Consequently, the Doctor is gently led to think in a different way about areas which he was already familiar with: fondness for bhajans, the gift for composition of devotional hymns, etc. As M. tells us: ‘Although Dr. Sarkar was a very busy physician, he would spend a long time — sometimes six or seven hours — in Sri Ramakrishna’s company. He had great love for the Master and looked on the devotees as his own kith and kin.” Aren’t these traits basic to any spiritual path?
But as we observe in the second part of this book, Dr. Sarkar had unlimited faith in the other dimensions of human intelligence. With typical renaissance spirit, he says: “...there does not appear to be any limit whatever to the ever—expanding intelligence of man, to its insatiable thirst alter knowledge, and, when means are properly applied to the acquisition of knowledge, and, by its aid, to the mastery over nature.”
Similarly, it is heartening to notice that Dr. Sarkar does not regard science as a threat to other human aspirations. With a tremendous conviction he affirms: “I do not believe that man’s higher nature has suffered in the least from the advance of science.” And, almost anticipating Einstein, he says, "I cannot believe that faith is blind and religion is irrational.... ” Indeed, science and religion, embodying the highest aspirations of human consciousness “stand enthroned," says Dr. Sarkar, “on their conjoint platform.

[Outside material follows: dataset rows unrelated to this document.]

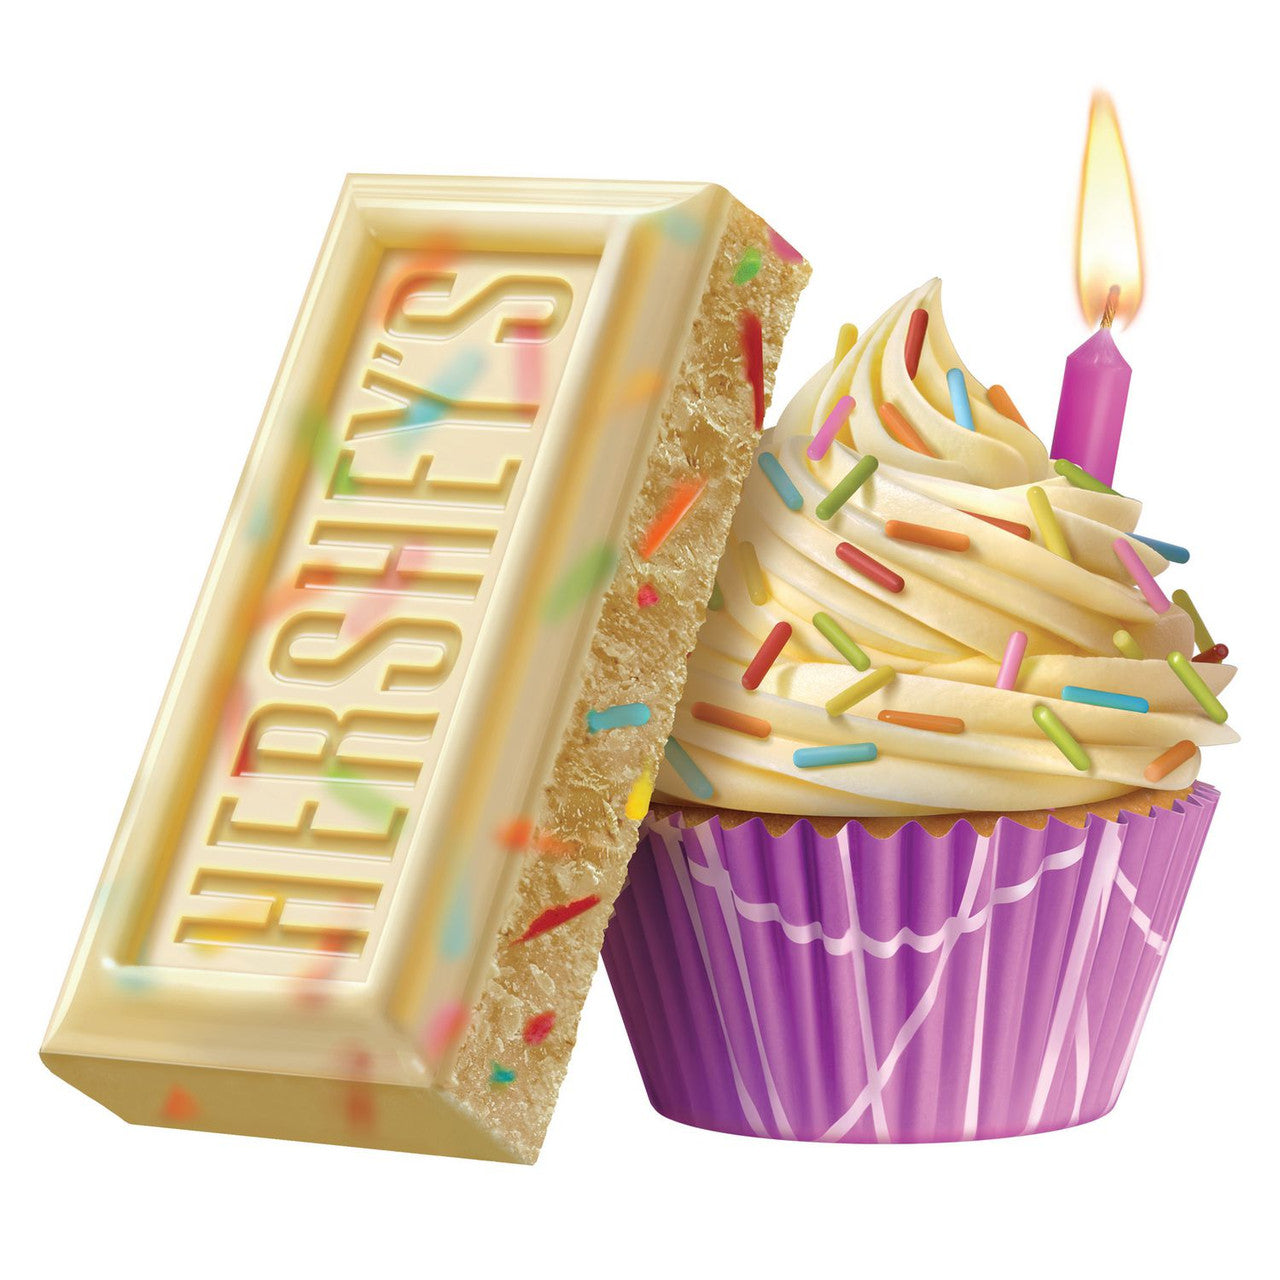 Hershey's Birthday Cake Chocolate Bar, 95g/3.4 oz., {Imported from Canada}
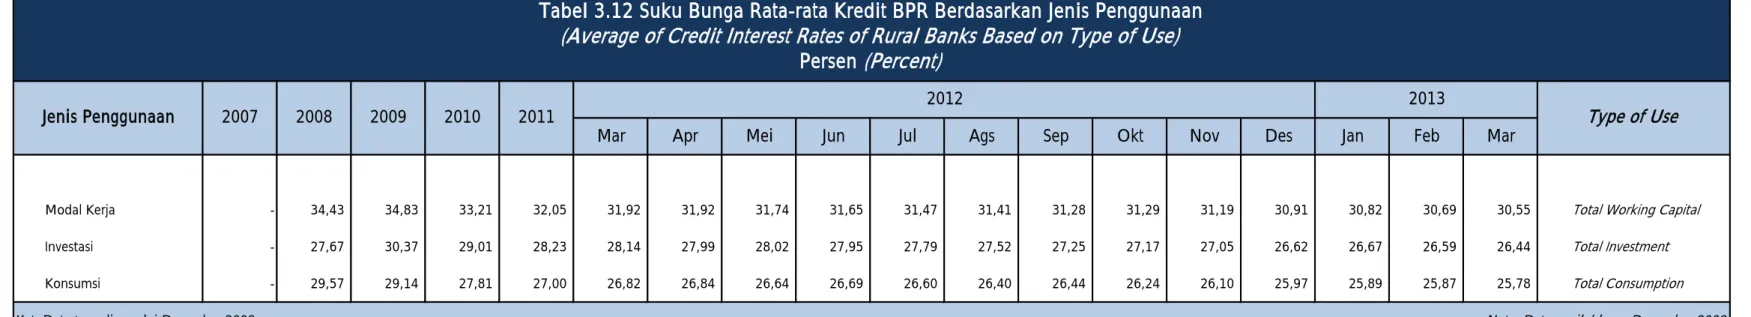 Tabel 3.12 Suku Bunga Rata-rata Kredit BPR Berdasarkan Jenis Penggunaan (Average of Credit Interest Rates of Rural Banks Based on Type of Use)
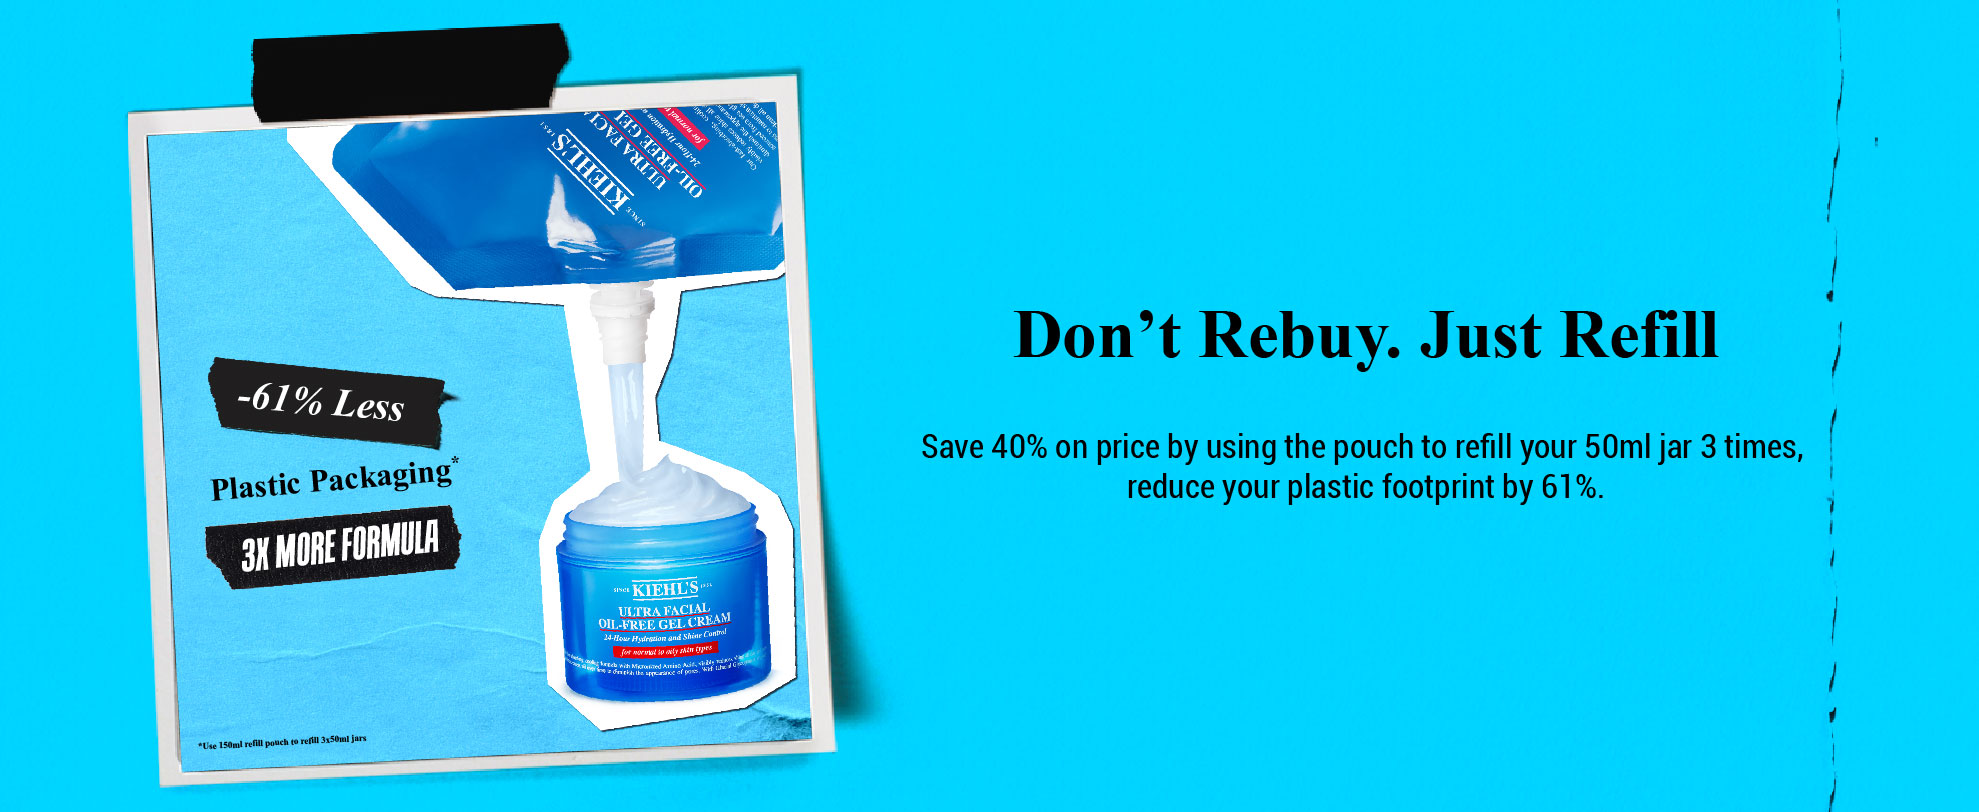 Ultra Facial Cream Refillable - Save 61% plastic usage
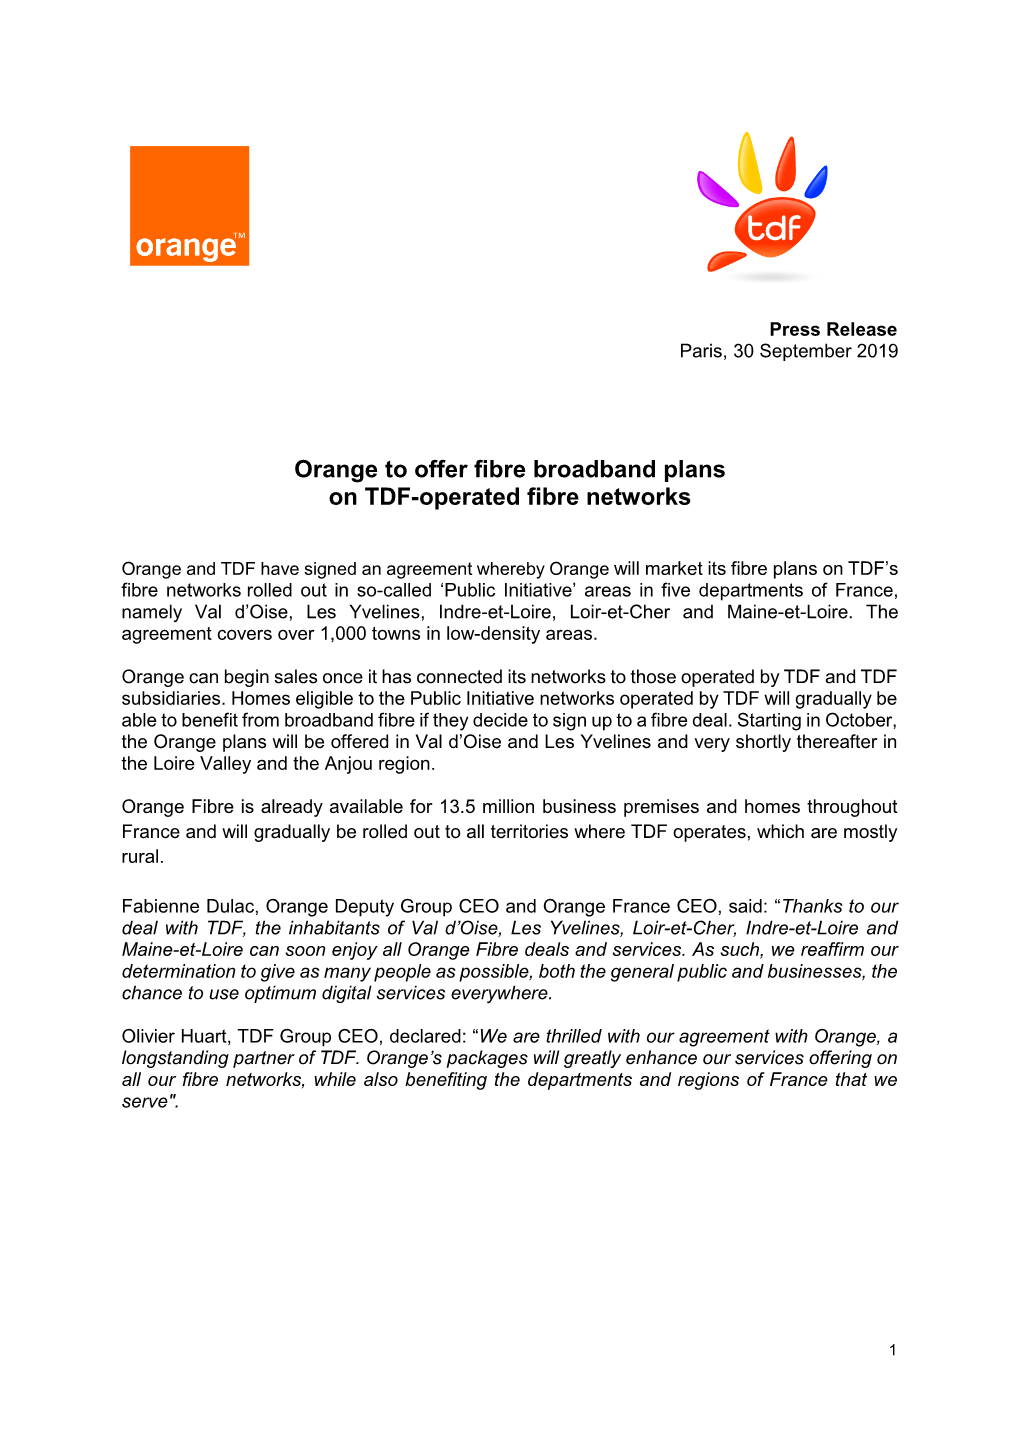 Orange to Offer Fibre Broadband Plans on TDF-Operated Fibre Networks
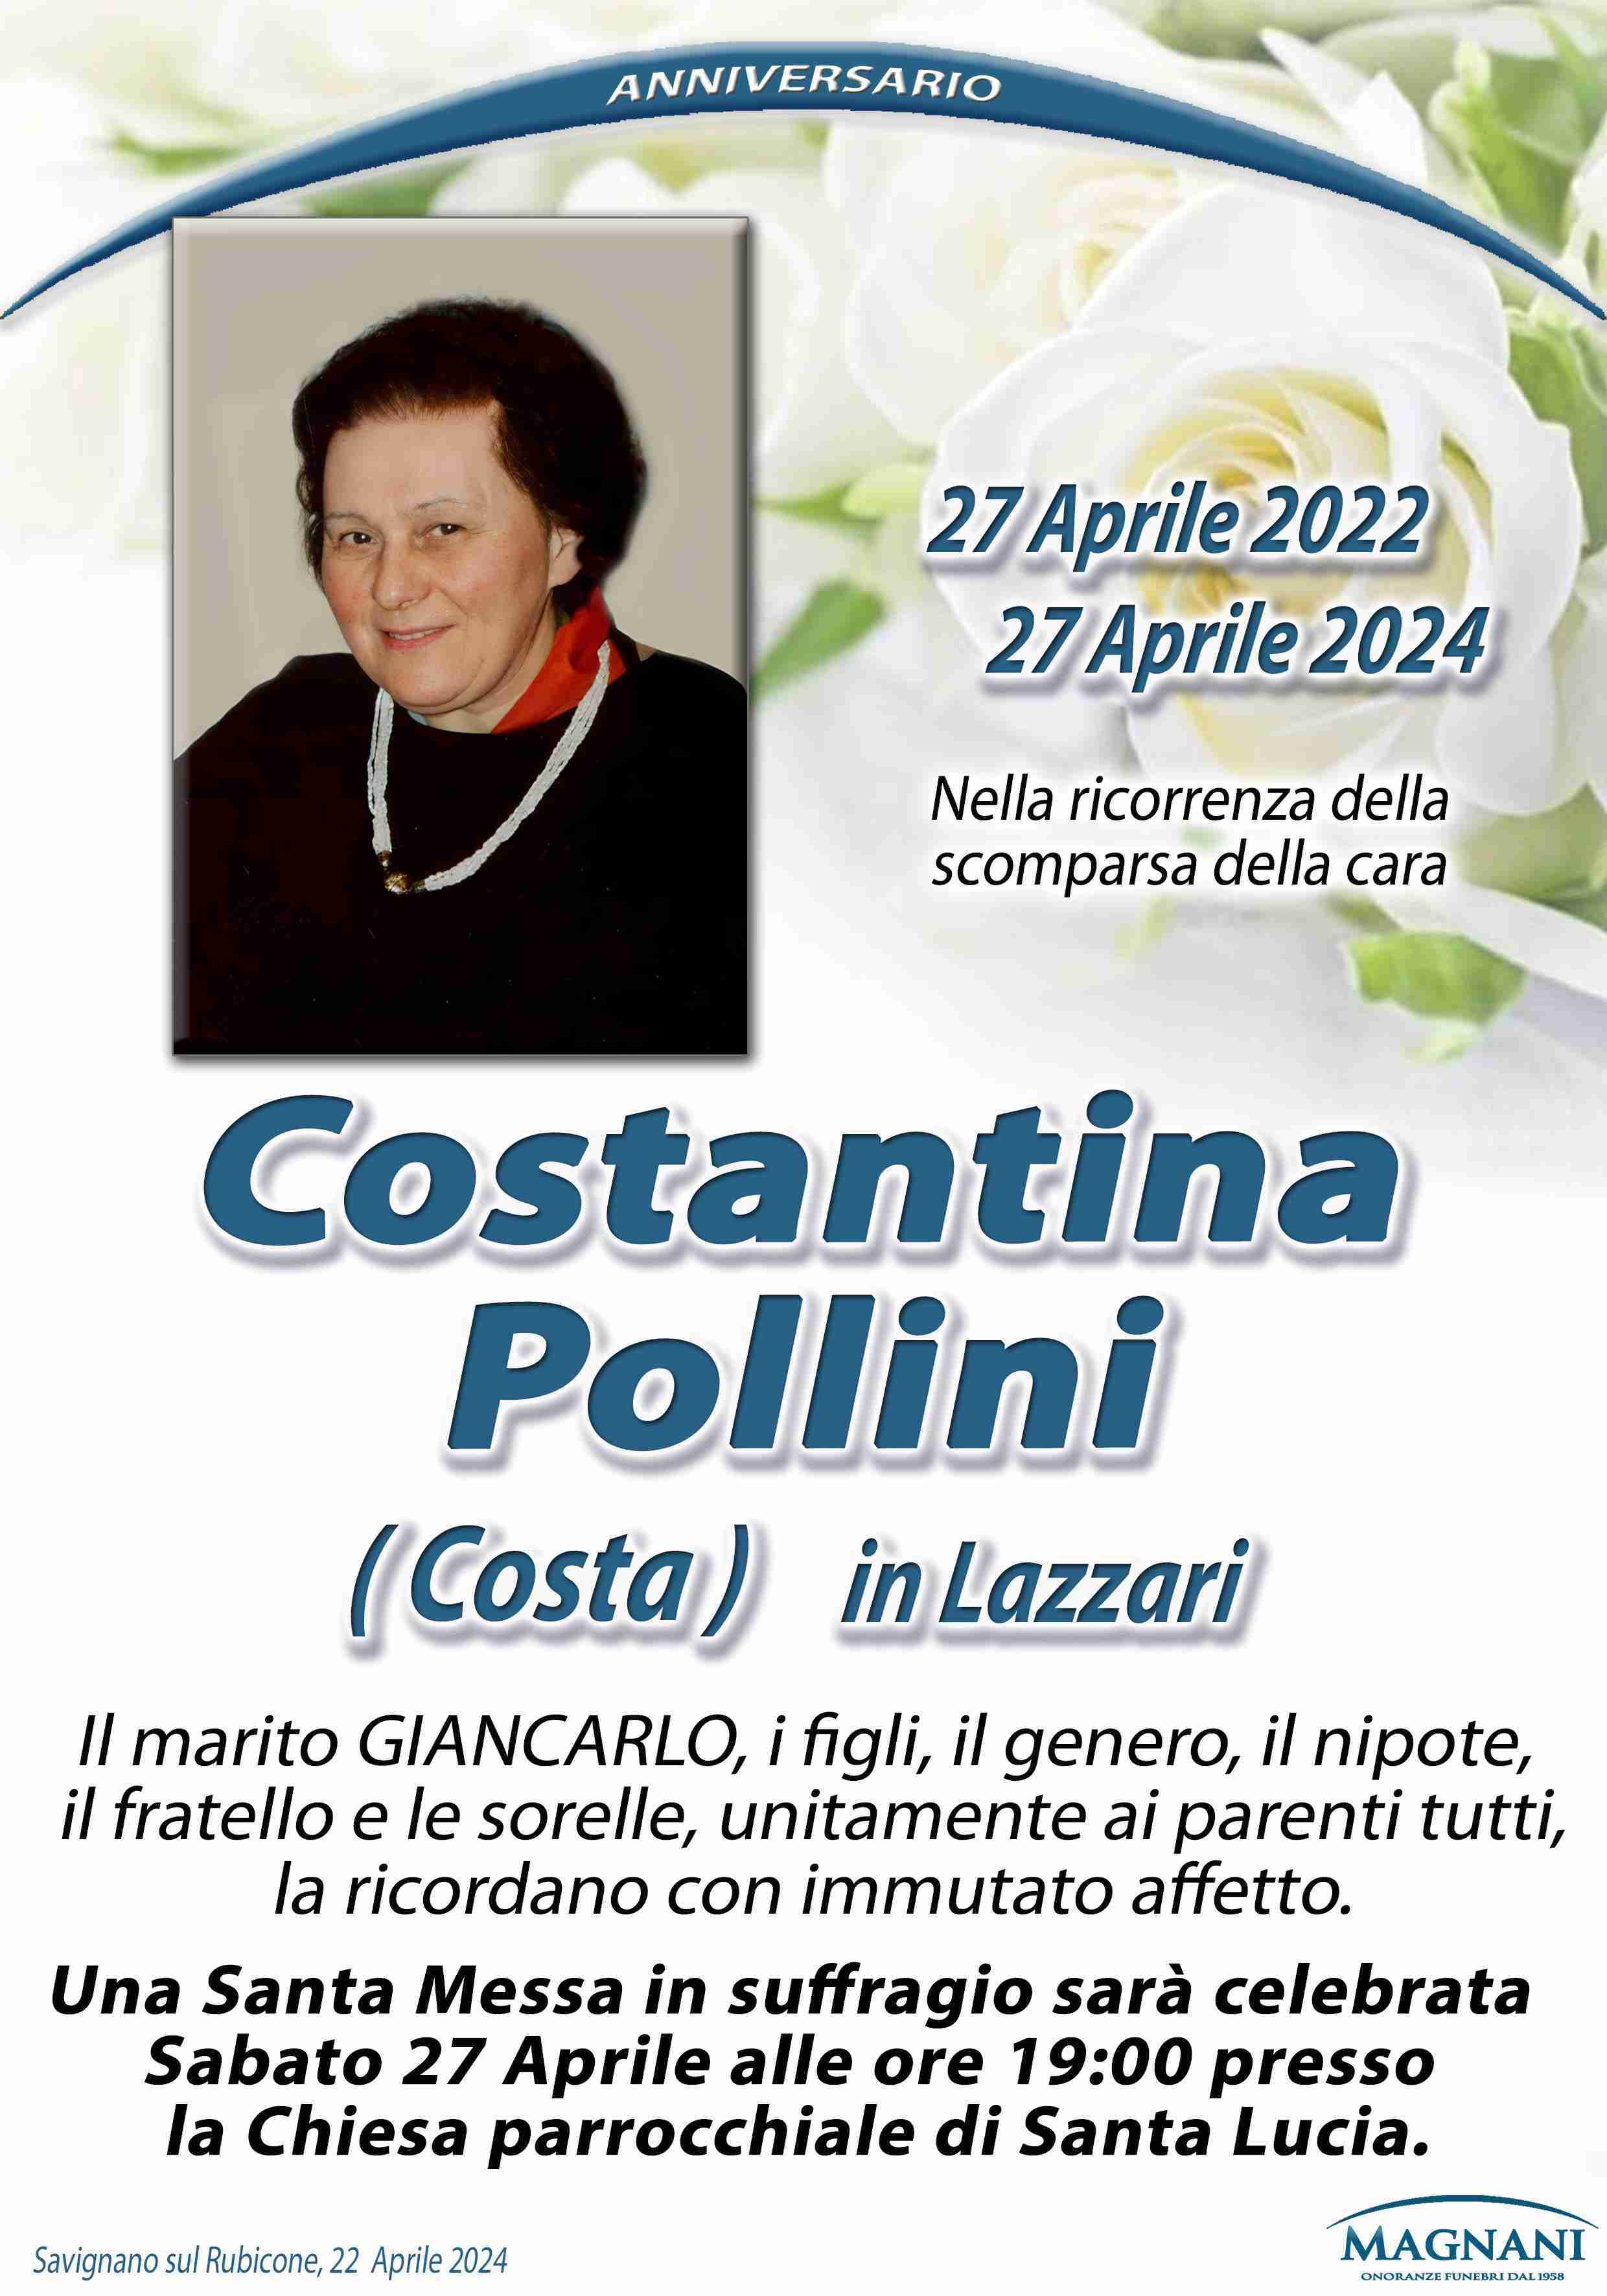 Costantina Pollini

Moreover, like Swami Vivekananda, Dr. Sarkar saw science and its application as integrators on a global level. “We cannot remain unconcerned with the lost prestige of our country” and “the chief determining factor of progress is now and will always remain science.” Though the unabashed optimism regarding science is part of the first flush of scientific advancement, there is no doubt that the Great Master’s Doctor spent his prodigious energies to make the vision of a concrete national forum for scientific research come true. And we who come later continue to reap the benefits of that visionary’s uniquely pioneering efforts in this regard.
Above all, as already noted, the Great Master played a crucial, decisive role in unobtrusively but effectively giving a thrust to the “good" Doctor’s spiritual intelligence (as it is being called today), which, apparently, seemed to have played a second fiddle to his empirical intelligence. The Master brought a fullness to the Doctors consciousness something which goes beyond but subsumes science.
It is my great privilege to be associated with this book. In this regard, I cannot adequately express my gratitude to Swami Bodhasaranandaji and Swami Shuddhidanandaji. Shuddhidanandaji alerted me to aspects of Dr. Sarkar’s achievement for which mere thanking is not enough.